Cowboys overcome Romo's INTs, rally in final seconds to stun Bills
--------------
ORCHARD PARK, N.Y. (AP) -- Tony Romo is nothing if not resilient. And because he didn't let four interceptions in the first half, two returned for touchdowns, destroy his night, the Dallas Cowboys pulled off a stunning comeback victory.

The Cowboys scored nine points in the final 20 seconds Monday night, with Nick Folk's 53-yard field goal as time expired giving them an improbable 25-24 win over the Buffalo Bills.

Romo, after being intercepted five times and also losing a fumble, drove Dallas (5-0) 80 yards and hit Patrick Crayton with a 4-yard TD pass with 20 seconds remaining.
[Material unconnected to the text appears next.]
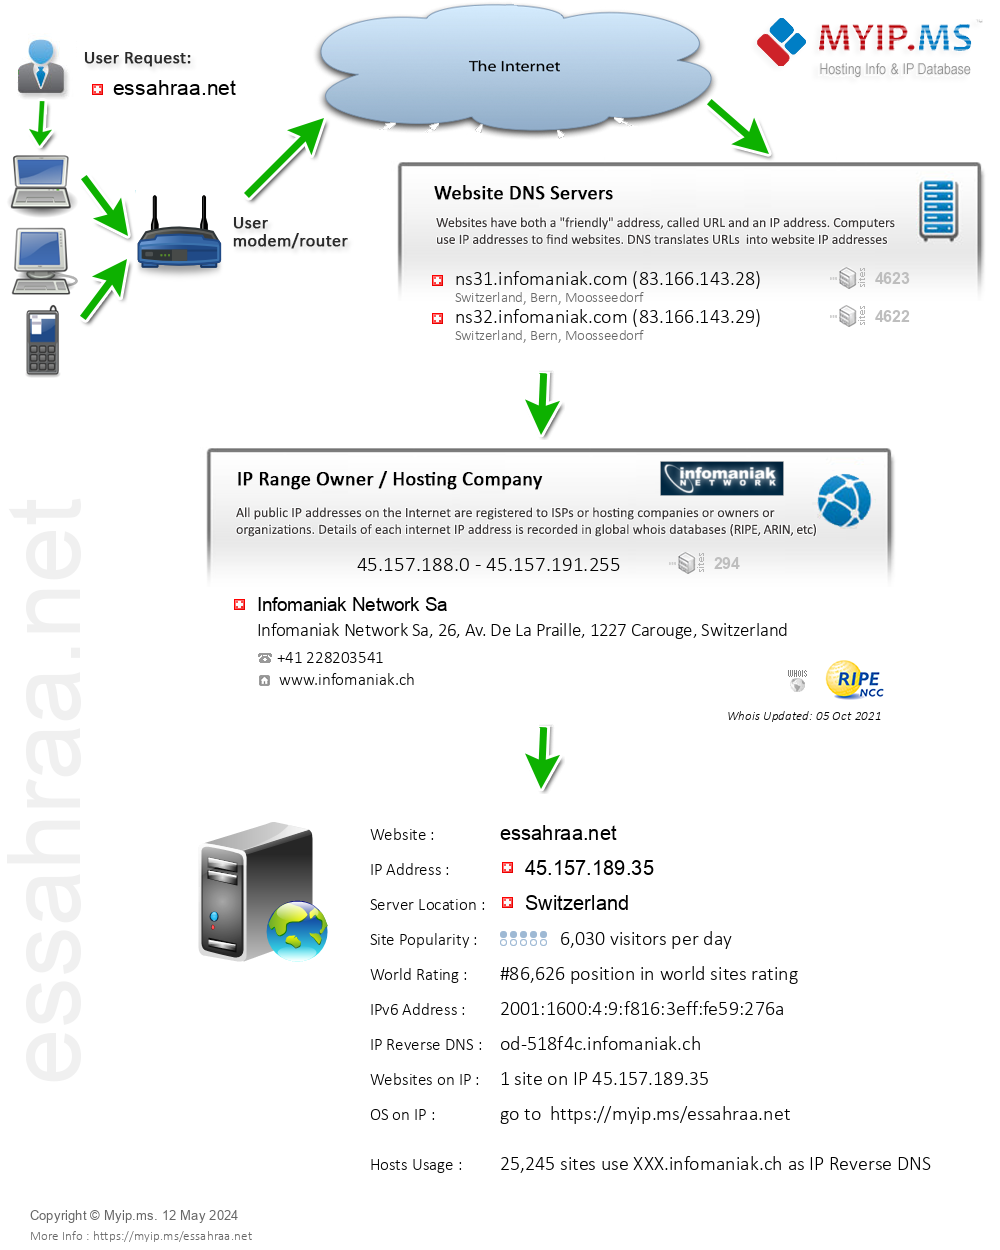 Essahraa.net - Website Hosting Visual IP Diagram
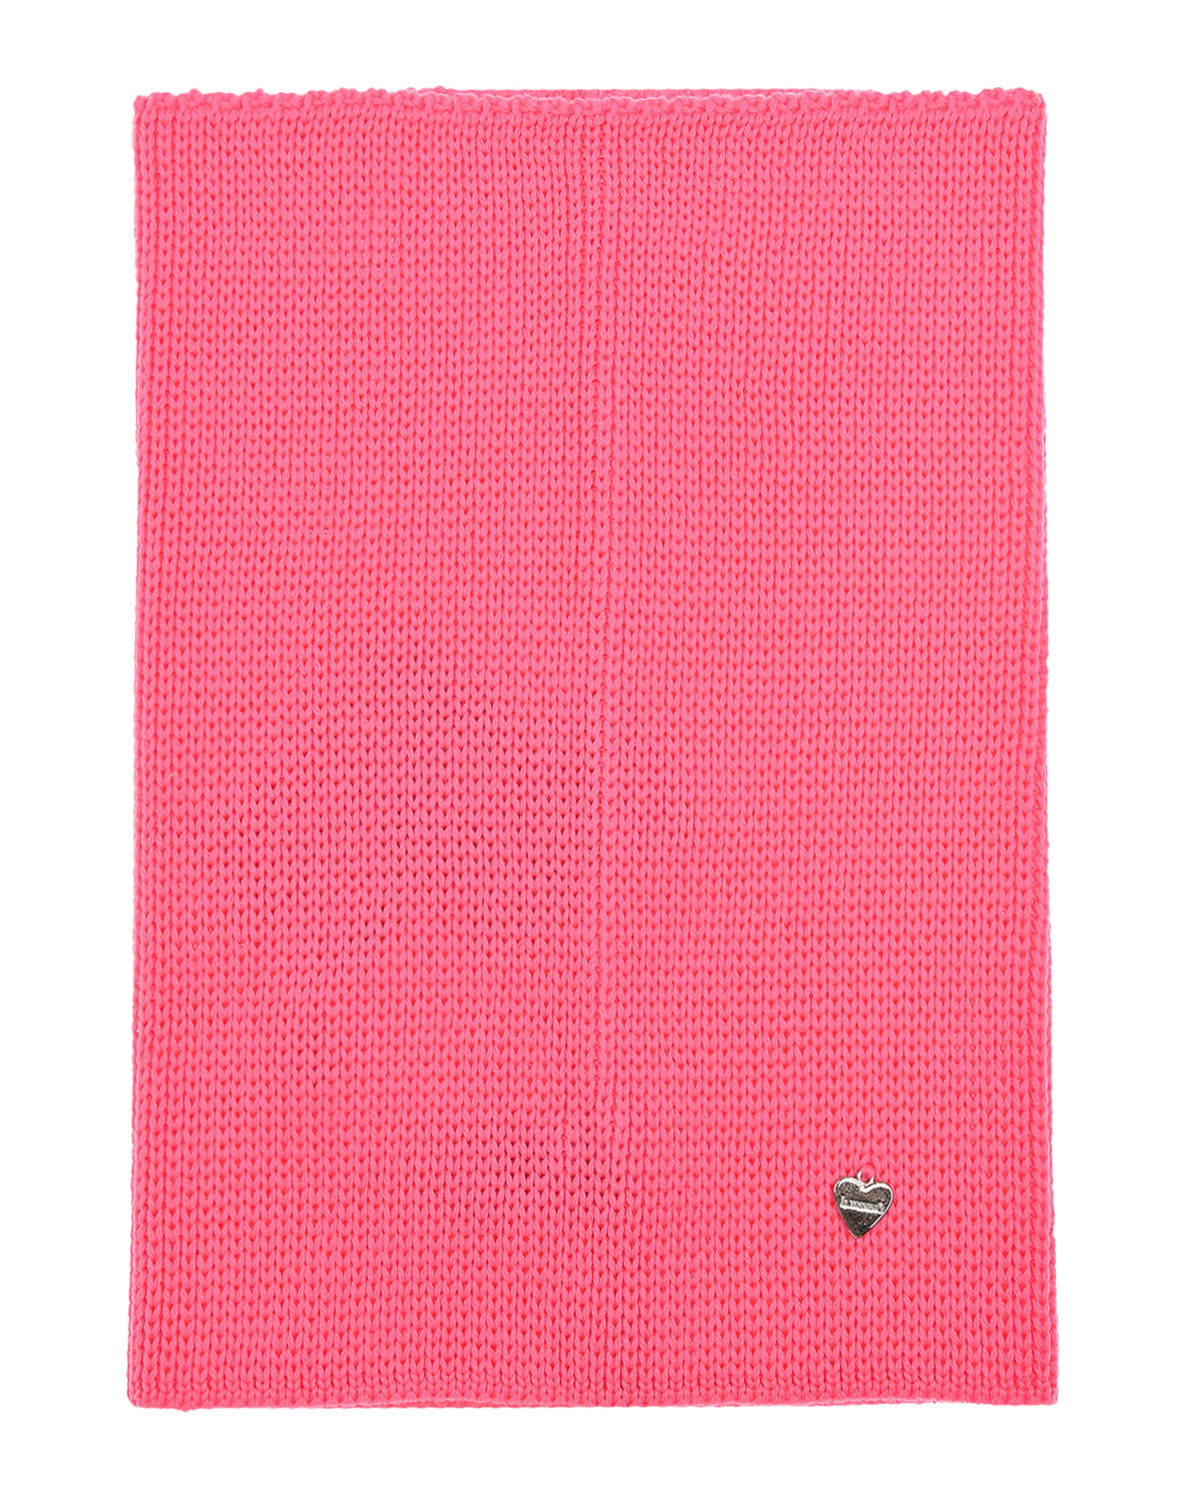 Неоново-розовый шарф-ворот Il Trenino детское, размер unica

The 2-point conversion try failed when Jabari Greer stripped Terrell Owens of the ball in the end zone.

But Nathan Jones recovered the onside kick and after two completions, Folk nailed his fourth field goal, shocking the sellout crowd that came to celebrate the first Monday night home game for Buffalo (1-4) in 13 years.

:beer:

Ryan


----------



## DeltaBoy (Mar 4, 2004)

It was one of the best NFL games that I have watched in a LONG time...

I was on the edge of my chair almost the entire game and I am still in awe.


----------



## dosch (May 20, 2003)

Yep Awesome game! It's too bad the Bills lost but great to see the look on Jerry Jones face when TO dropped the 2 pt. conversion.

The silver bullets were going down good last night!


----------



## nodakoutdoors.com (Feb 27, 2002)

A good game for sure, boy did the Bills choke.


----------



## Bore.224 (Mar 23, 2005)

Best game of the year so far!


----------



## KEN W (Feb 22, 2002)

It was really tough the last minute because the Indians were also stomping on the Yankees at exactly the same time. :beer:

I felt sorry for Buffalo,but they were not the best team.....how can you have 6 turnovers with 2 run in for touchdowns,plus a kick-off run back and still win? :eyeroll:

Next week's game between Dallas and New England should be a good one.


----------